I'm visiting family over the holidays in Jupiter. I'm considering bringing my bike. Anyone knwo of some good rides and group rides in the area? Consider my ability as a reasonably good cat 3.

Thanks


----------



## lookrider (Dec 3, 2006)

Call up these guys. They might be able to direct you.

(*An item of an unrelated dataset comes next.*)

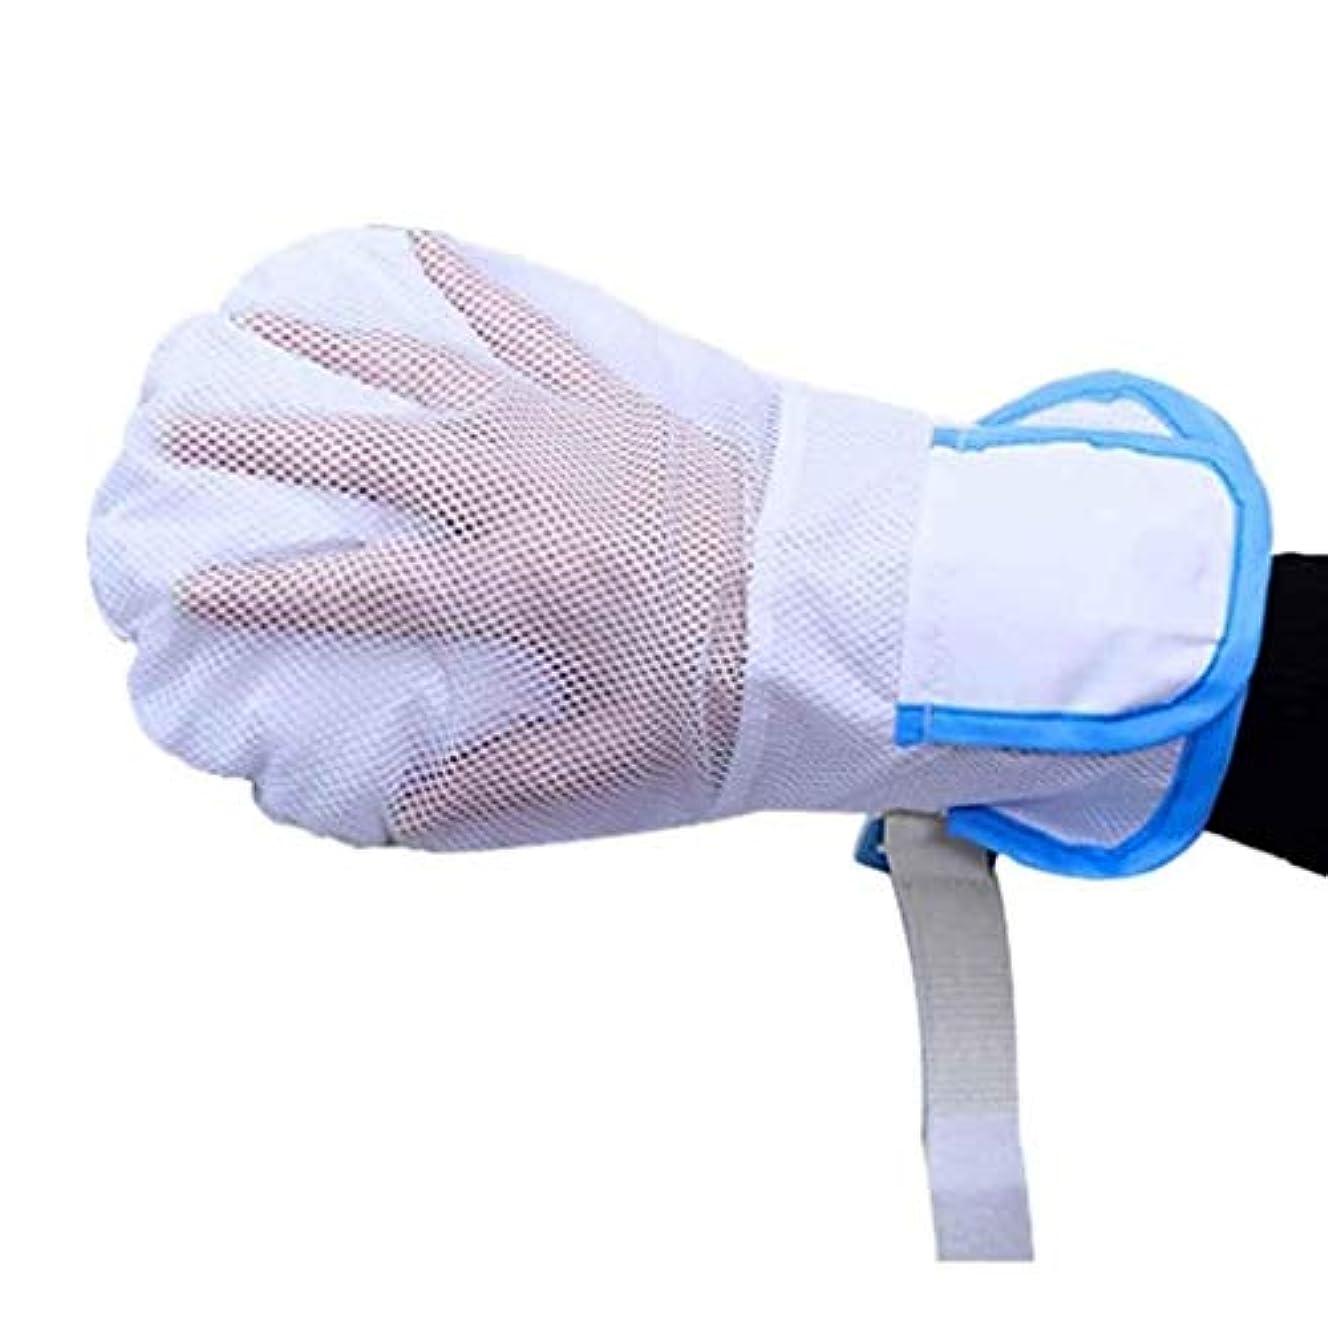 作者水平処方フィンガーコントロールミット 医療用防護服患者用手感染プロテクターパッド入りミットは高齢者のための指の害を防ぐための手袋を防ぎます
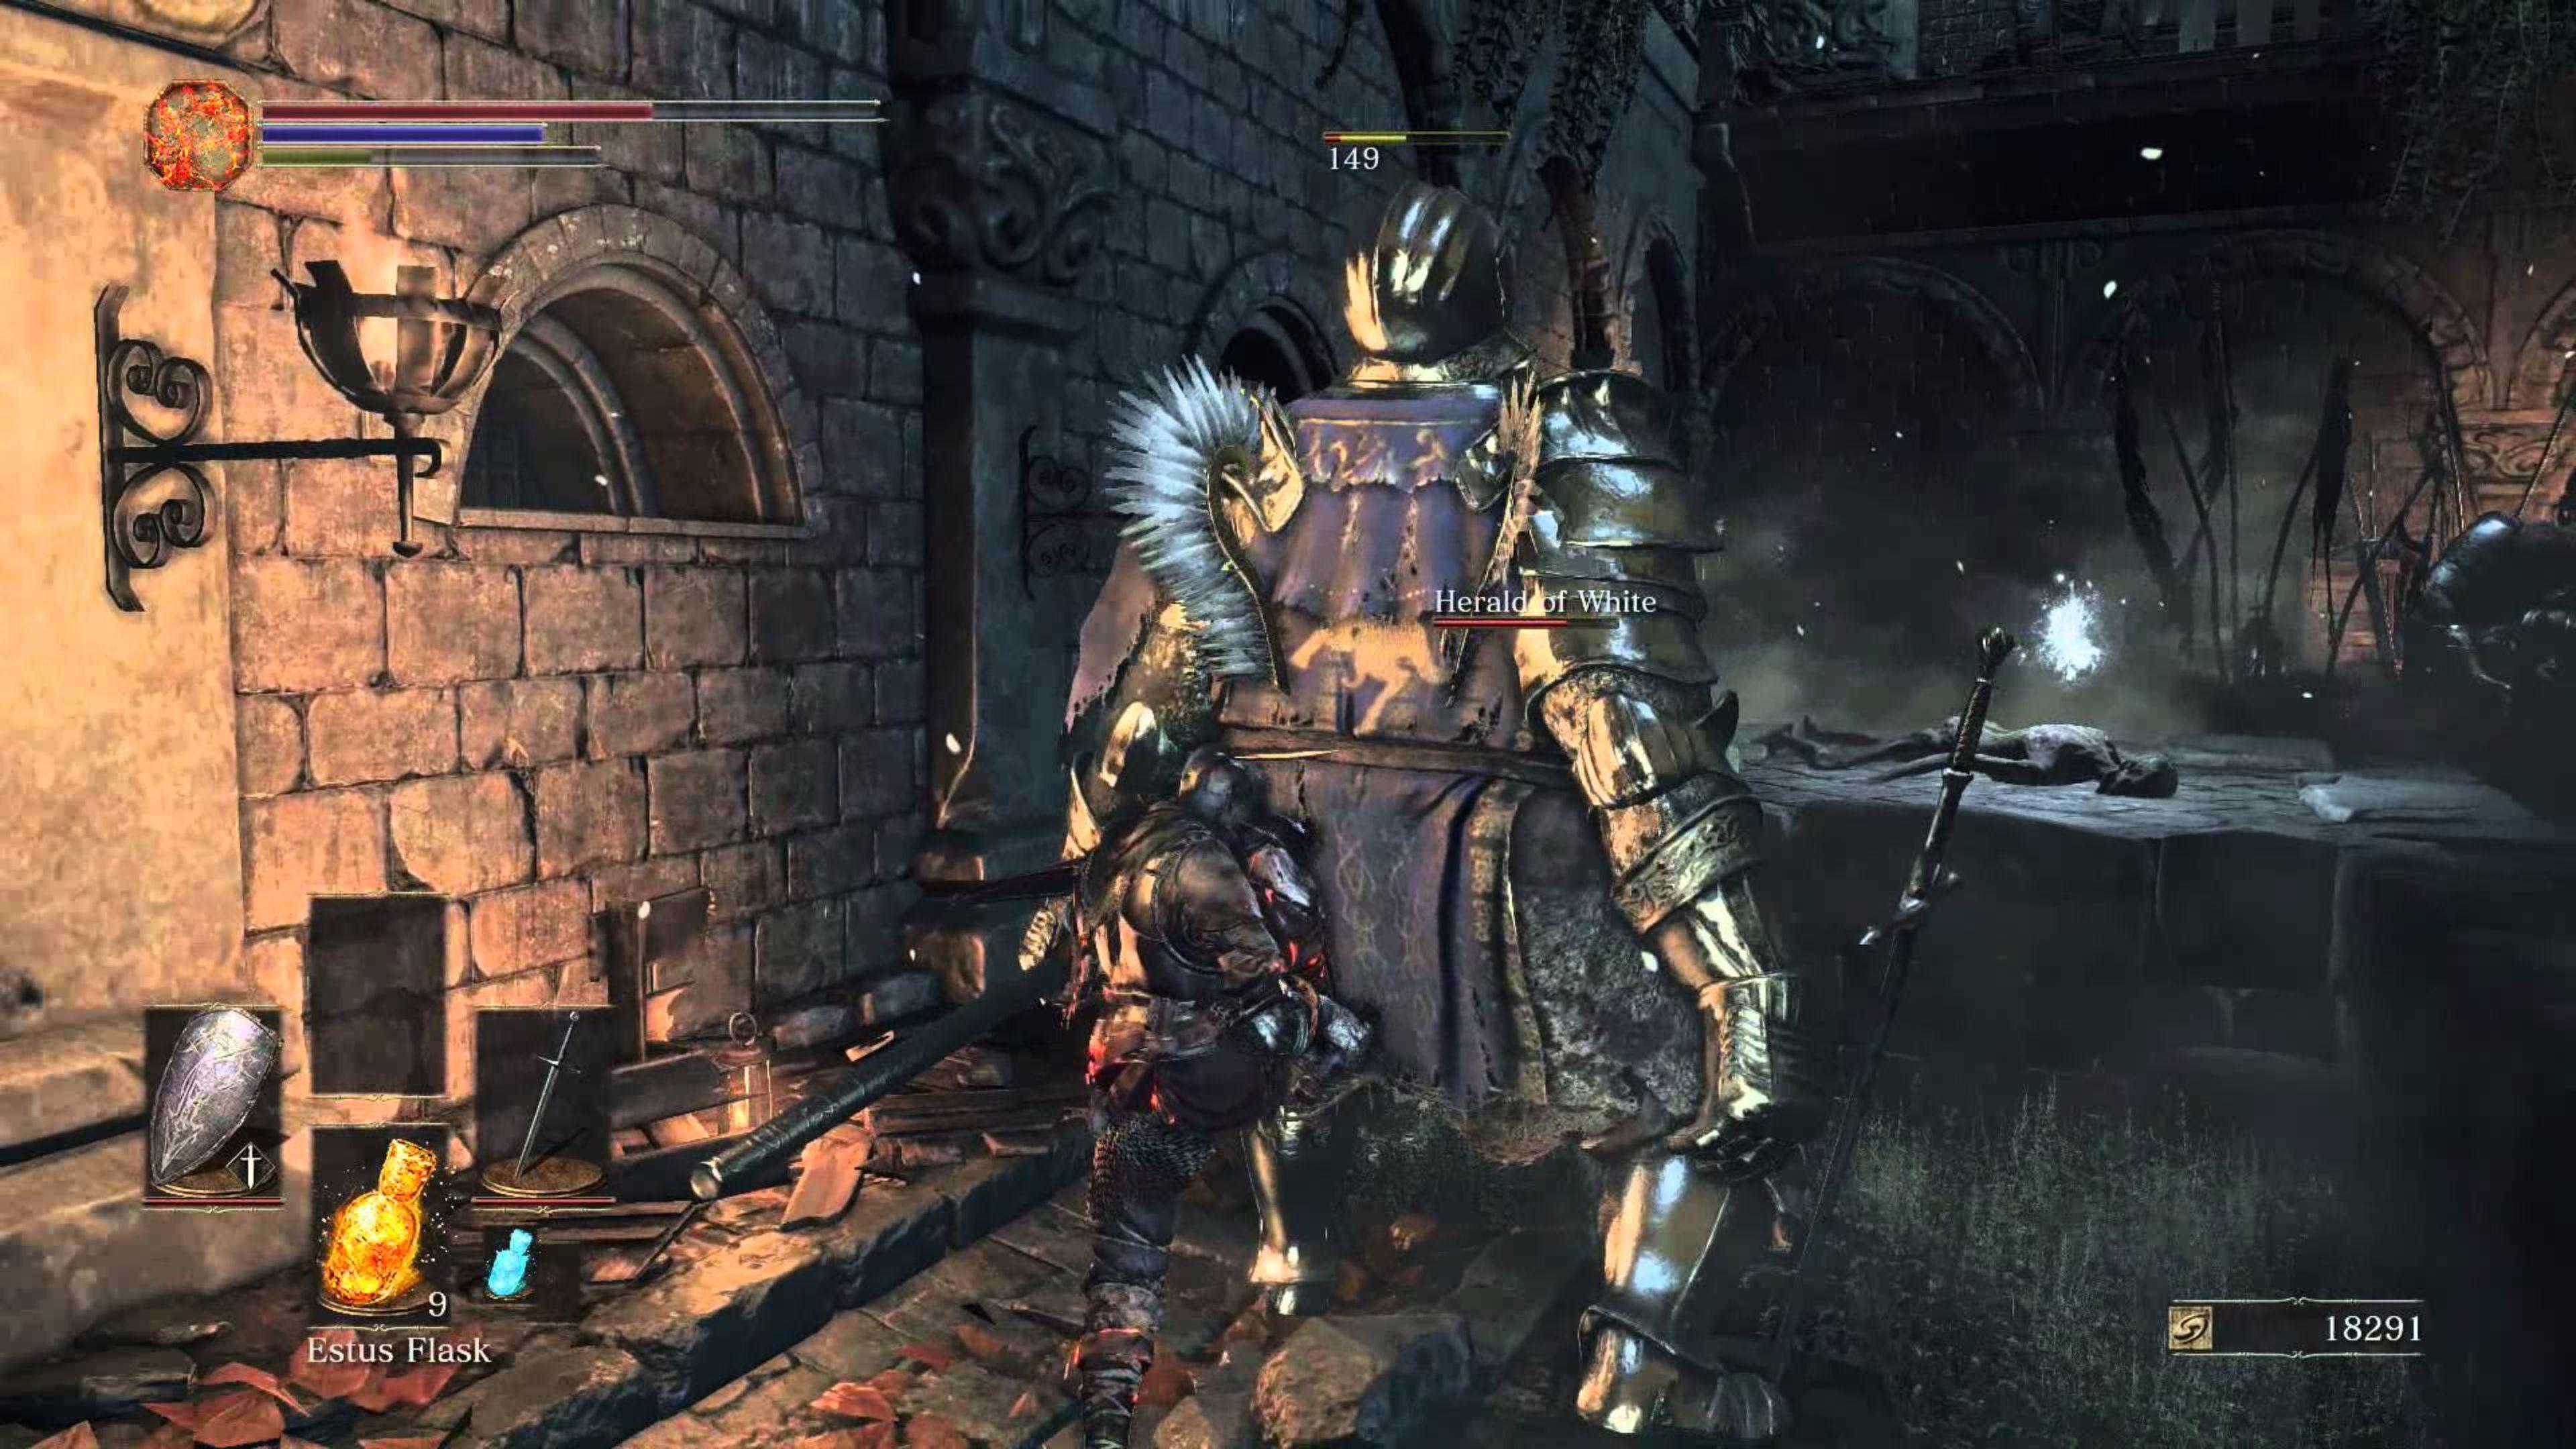 44+ Dark Souls 3 wallpapers ·① Download free full HD ...

http://www.theracersedge.net/contact.htm

http://www.geocities.com/johnkwas40/sched.html


----------



## anthemracer (Nov 13, 2007)

I will be in jupiter from 12/30-1/1. Jupiter island to the north is really nice. As you go south it starts to get really busy (traffic). If your going to be around let me know. We could probably drum something up for one morning...


----------



## Nigel (Jun 5, 2005)

i used to live in jupiter, call j town bikes or cycle science for some ride info. There is always a saturday and sunday ride that meets near jupiter beach. starts around 7 or 730, i cant recall. The ride can be fast pasted or slower depending on how frisky everyone is feeling.


----------



## dookie (Oct 1, 2007)

i posted similarly a while back & didn't turn up much. iI'll be there sat.-sat. for the holidays. drop me a line if you want to catch up, otherwise look for a black fixed-gear on the A1A (pretty much all there is), somewhere between boca and jupiter island.


----------